A few weeks ago, Maria and I watched Thirteen Days, the story of how close we came to nuclear war. In the wake of his extraordinary leadership through that crisis, President Kennedy delivered a speech that so impressed then Soviet leader Nikita Khrushchev, that it paved the way for a nuclear test ban. In that speech he said, “So, let us not be blind to our differences – but let us also direct attention to our common interests and to means by which those differences can be resolved. And if we cannot end now our differences, at least we can help make the world safe for diversity. For in the final analysis, our most basic common link is that we all inhabit this planet. We all breathe the same air. We all cherish our children’s future. We are all mortal.”

On the eve of the collapse of the Cold War Sting released a song that ‘reached’ me in my relative naivety, ‘I hope the Russians love their children too.’ The words still penetrate my Anglo centric propaganda-ed view of the world. Or more close to my current context, Saudi women with only their eyes exposed also play aeroplane games with fluffy toys on planes to occupy their fidgety children.

We are facing enormous challenges. Our world has evolved so quickly that none of us are prepared. No-one has been here before. (…as Peter Senge reminded us at the SoL Forum) Our institutions are not ready to change as rapidly as is needed. Our collective and individual behaviour lags our consciousness by way to much. Our lifestyle inertia holds us back from action to bridge social and ethnic divides, from adopting the environmental practices we know are necessary, from curbing our personal preferences for the common good. And there are not only global problems, we are every week confronted with local community and personal ones too; work / life balance, young binge drinking and violence, rampant consumerism, loss of meaning …

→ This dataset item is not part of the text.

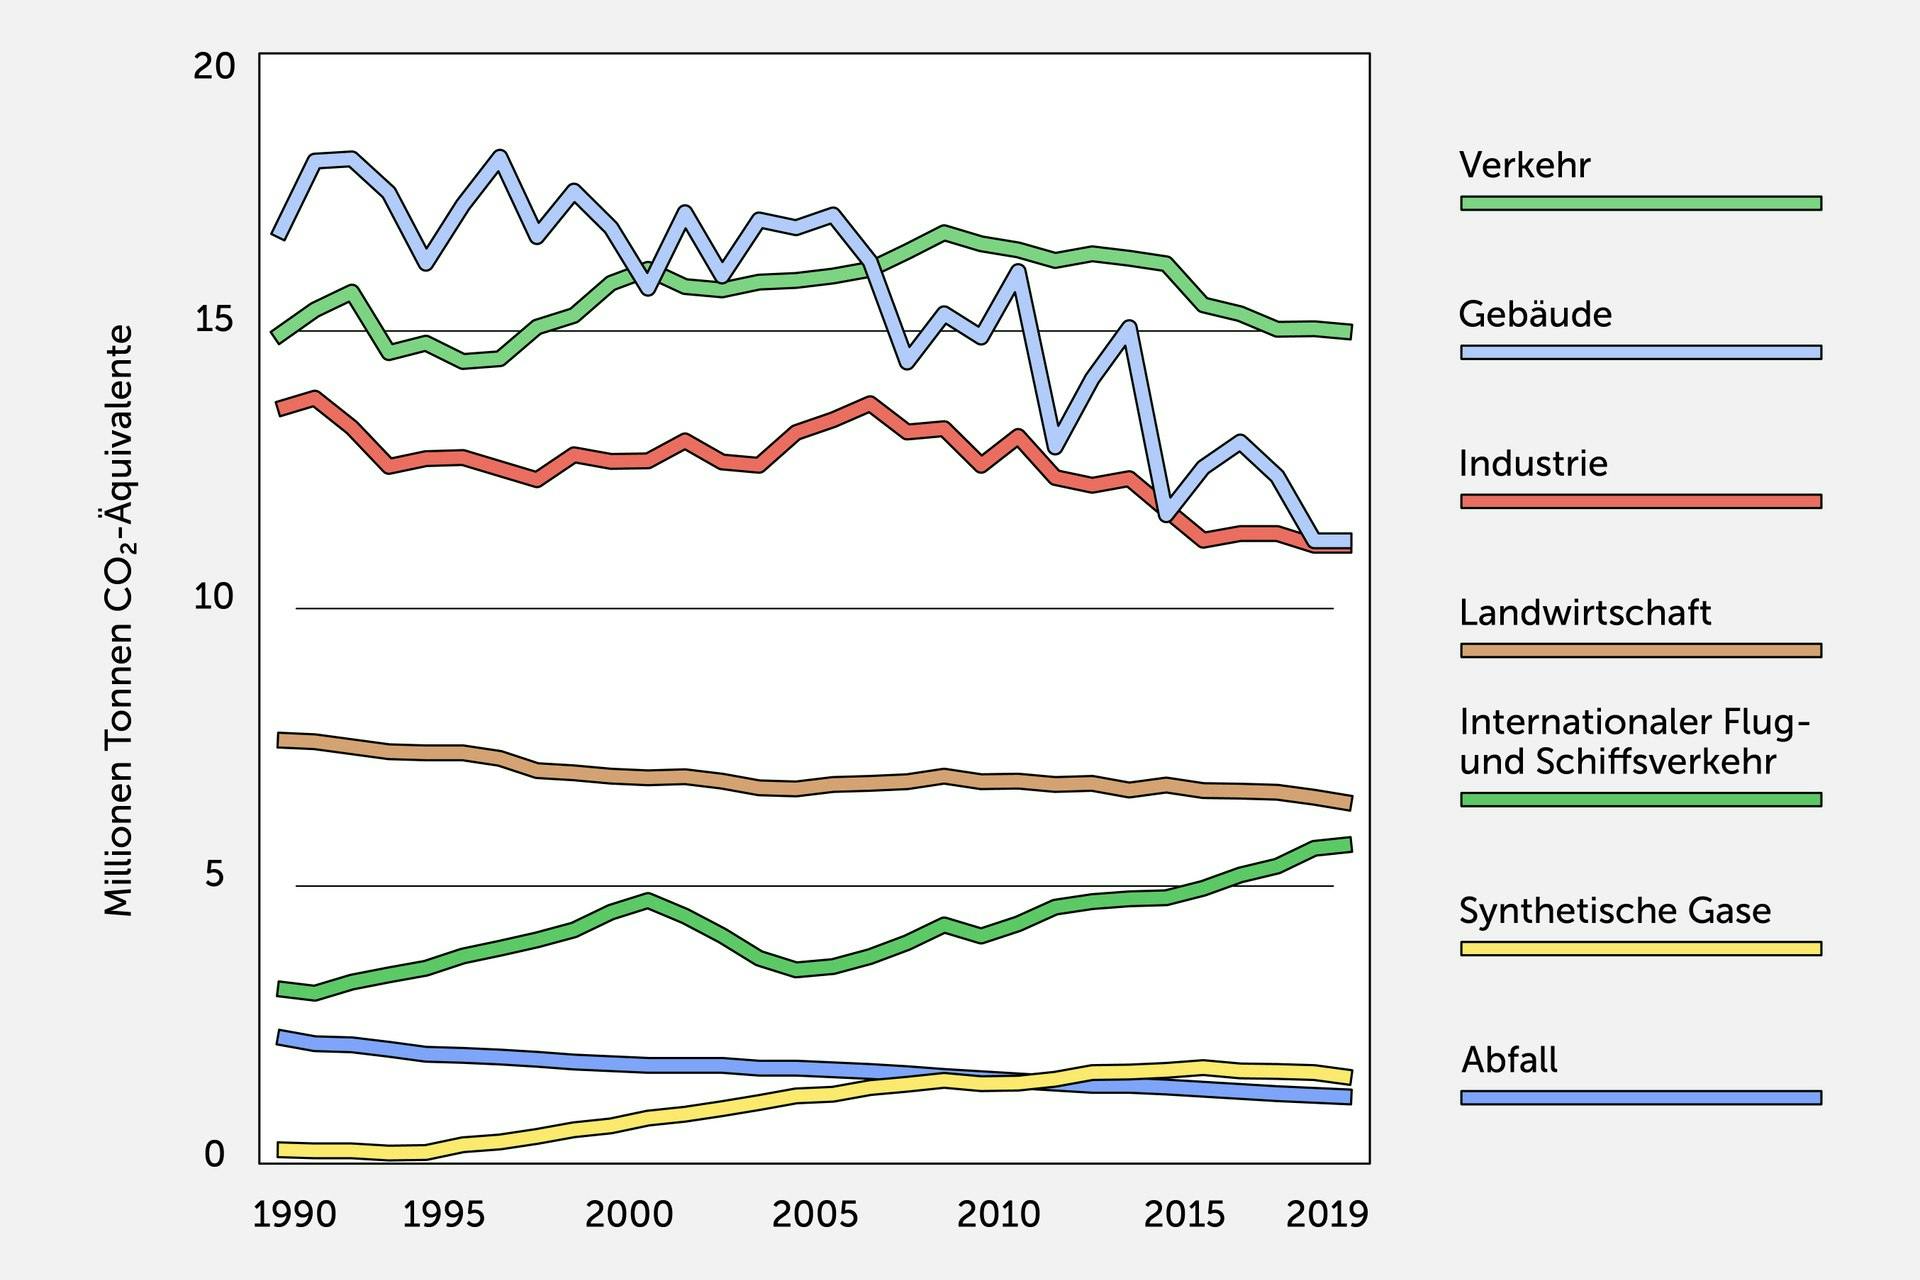 Diagramm, das zeigt, wie sich die Treibhausgas-Emissionen verschiedener Sektoren zwischen 1990 und 2019 verändert haben.

Adam Kahane helps us understand the nature of these complex problems.

  • They have dynamic complexity. Cause and effect are not closely related in space and time. We need systemic solutions.
  • They have generative complexity. The future is unfamiliar and undetermined. It is not a matter of applying solutions that have worked in the past. As it is said, today’s solutions create tomorrow’s problems.
  • They have social complexity. No single entity own the problem of has the capacity or wherewithal to create a solution independently of all the stakeholders.

However, in order to bring the different stakeholders around the table, whether it be in the context of the Arab – Israeli conflict or a family roundtable about domestic expectations, we have to become better at suspending our own judgements and seeing the world through the eyes of another.

The rewards will be staggeringly significant.